Plague Vendor performs on Saturday’s lineup and plans on playing all of their “bangers,” or fast, manick songs, for the entirety of their 30 minute set at 2 p.m. Similarly, David Kelling from Culture Abuse shares the same excitement about playing alongside some of the headlining bands he’s listened to when he was young.

“All those bands in the festival are heavy hitters and legendary, and it’s cool to see our band name next to all of them,” Kelling says. “They are pretty much what has influenced the sound of other bands.”

Culture Abuse formed at the end of 2013, and the band has taken off since. After the release of their first full-length album, Peach, the singer says they have been touring heavily in the months prior to the festival.

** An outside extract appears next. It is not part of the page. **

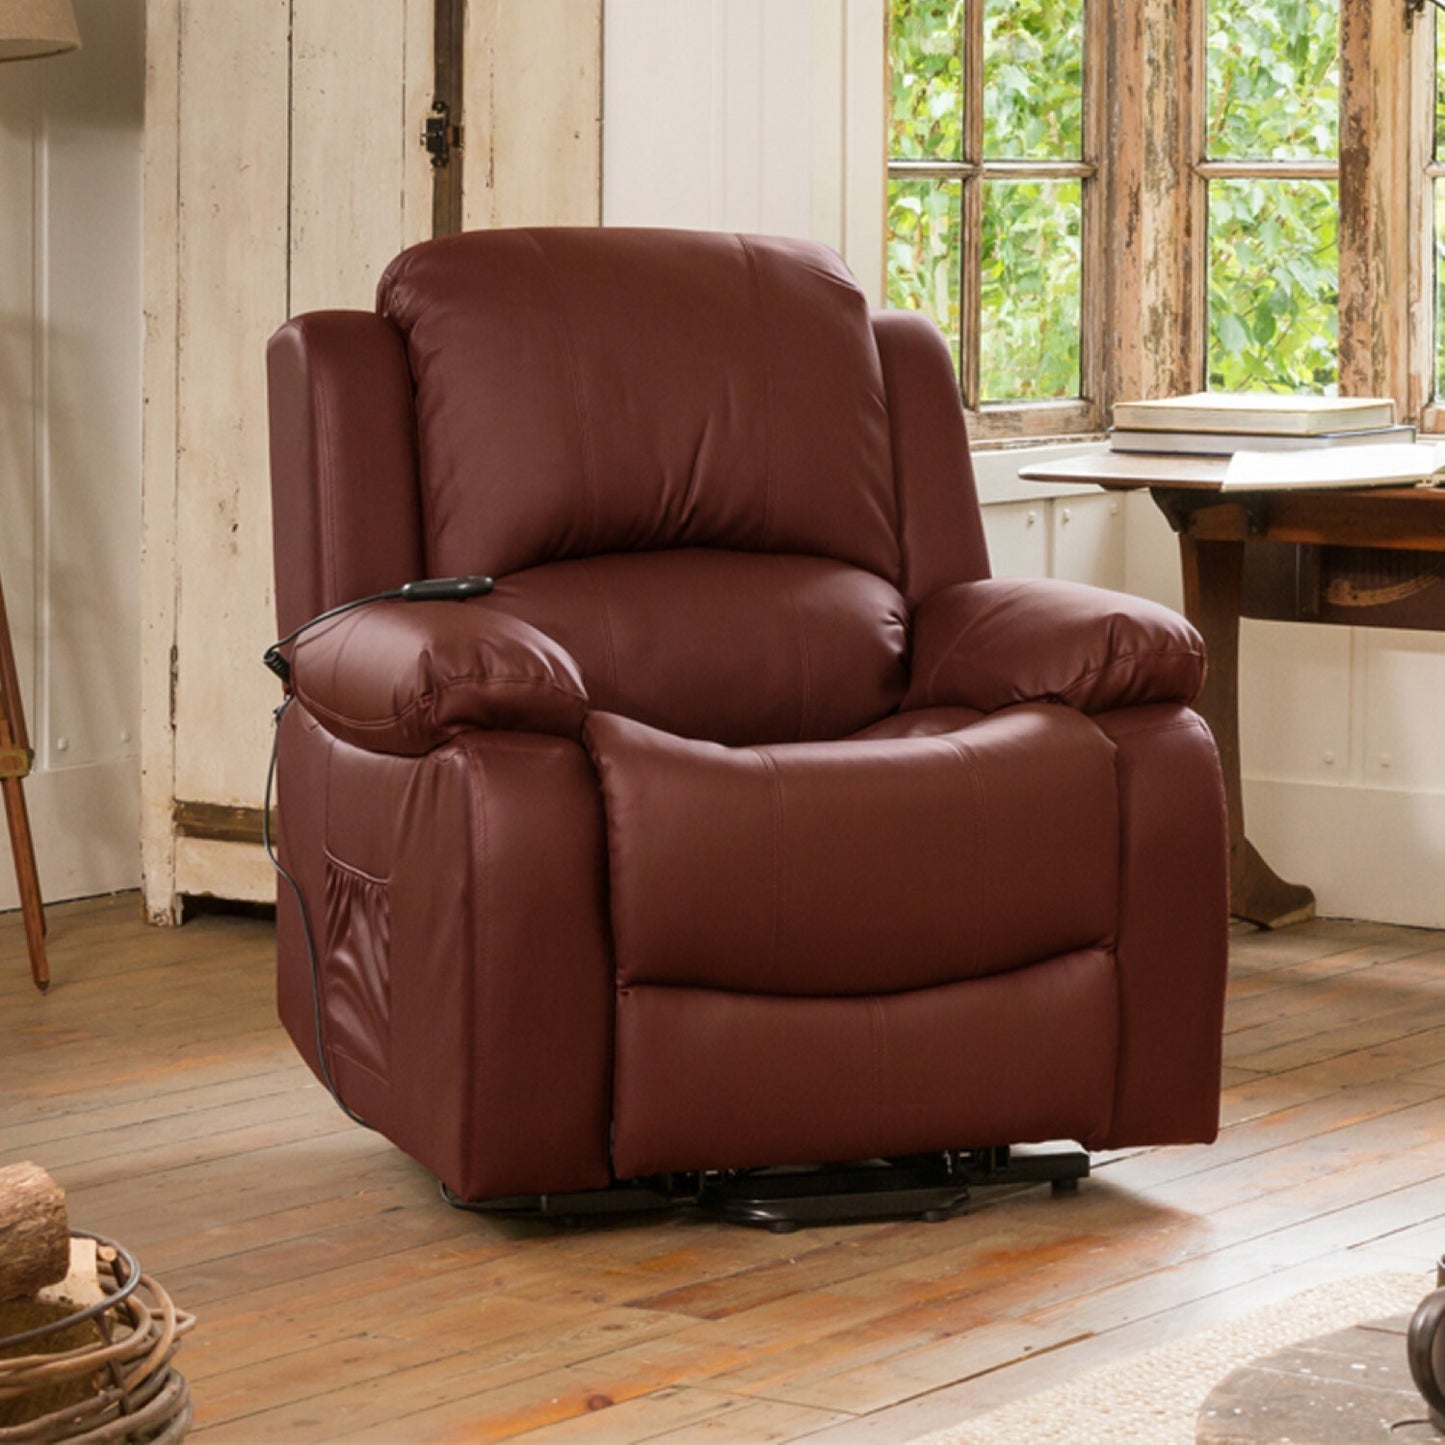 Emsworth electric riser recliner with massage and heat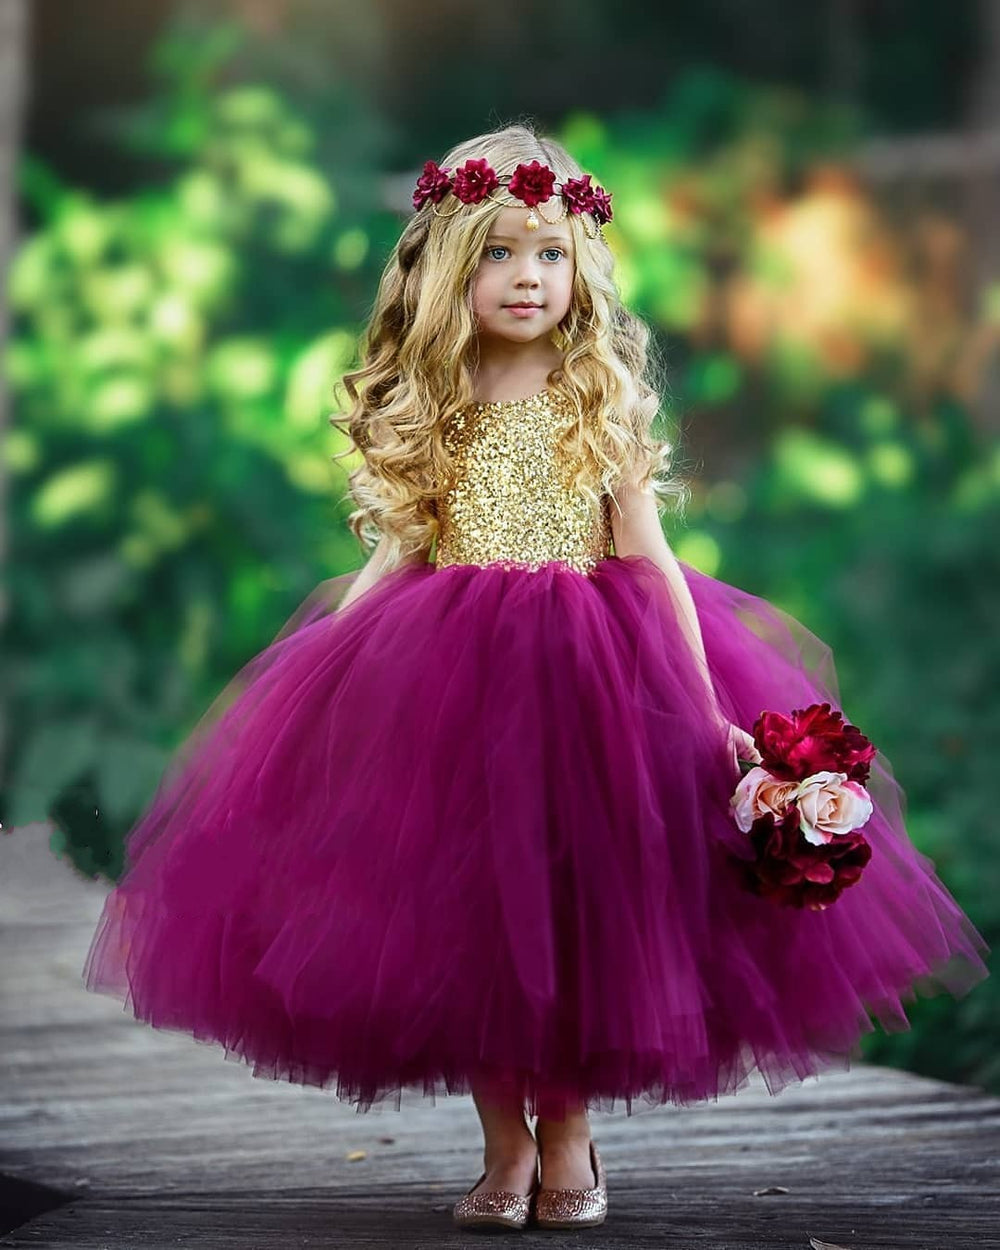 MB_152IVBUR - Flower Girl Dress Style 152-Choice of White or Ivory Dress  with Burgundy Sash and Petals - Infants and Toddler Dresses - Flower Girl  Dresses - Flower Girl Dress For Less

They plan to spend the rest of the year performing globally in Hawaii and Europe. At the rate the band’s going, it won’t be a surprise to see them headlining two-day festivals in the future. For now, they are focusing on kicking off the festival as the first band performing on Saturday at noon.

“AFI has been the same band from the beginning, which shows they love what they’re doing and who they’re doing it with,” says Kelling. “I think doing what you think is right and sharing the music you create and love with your fans will help you be successful and substantial in your career.”

On the other end, singer Mike Magrann from Channel 3 is excited to get back together with some of the original punk rockers of the 1980s who’ve played with them, such as D.I., Agent Orange, The Dickies and The Stitches. It’s almost as if they’ve grown up together in the music world.

“I think it’s just a really great rounded out festival,” Magrann says. “ It’s a weird Orange County phenomenon that all the old guys are still out there and seriously touring the world and still playing, it’s pretty cool.”

Channel 3 has played consistently since the late 1970s, including Warped Tour, Punk Rock Bowling, and Rebellion festival in the UK. Magrann says the band’s been around for so long out of pure survival. He says the key to survival is finding people you can stay friends with from the start and keep doing what you love.

Ch. 3
Ch. 3
David Chi

“That’s the best thing about playing festivals is that you get exposure to people who wouldn’t normally see you, or haven’t heard of you, and at least they’ll give you a chance,” Magrann says.

When it comes to new exposure, Kelling hopes for the best from new fans after the festival.

“The nicest thing would be to make someone feel the same way about our band that Morrissey, The Descendants or AFI has made a million people feel when they play,” he says.

All three bands help reinforce the title of the festival, thinking back to when they were young. Whether they were playing music in their youth as punk began to form— such as Channel 3— or have been inspired by the musicians from that era, like Plague Vendor and Culture Abuse, the timelessness of music will continue to be the key element for the entirety of the festival.

“The music represents the youth in all of us, regardless of age now,” says Magrann. “Music is the one thing that makes you feel like a teenager on a summer day, no matter how old you are. It’s a timeless thing.”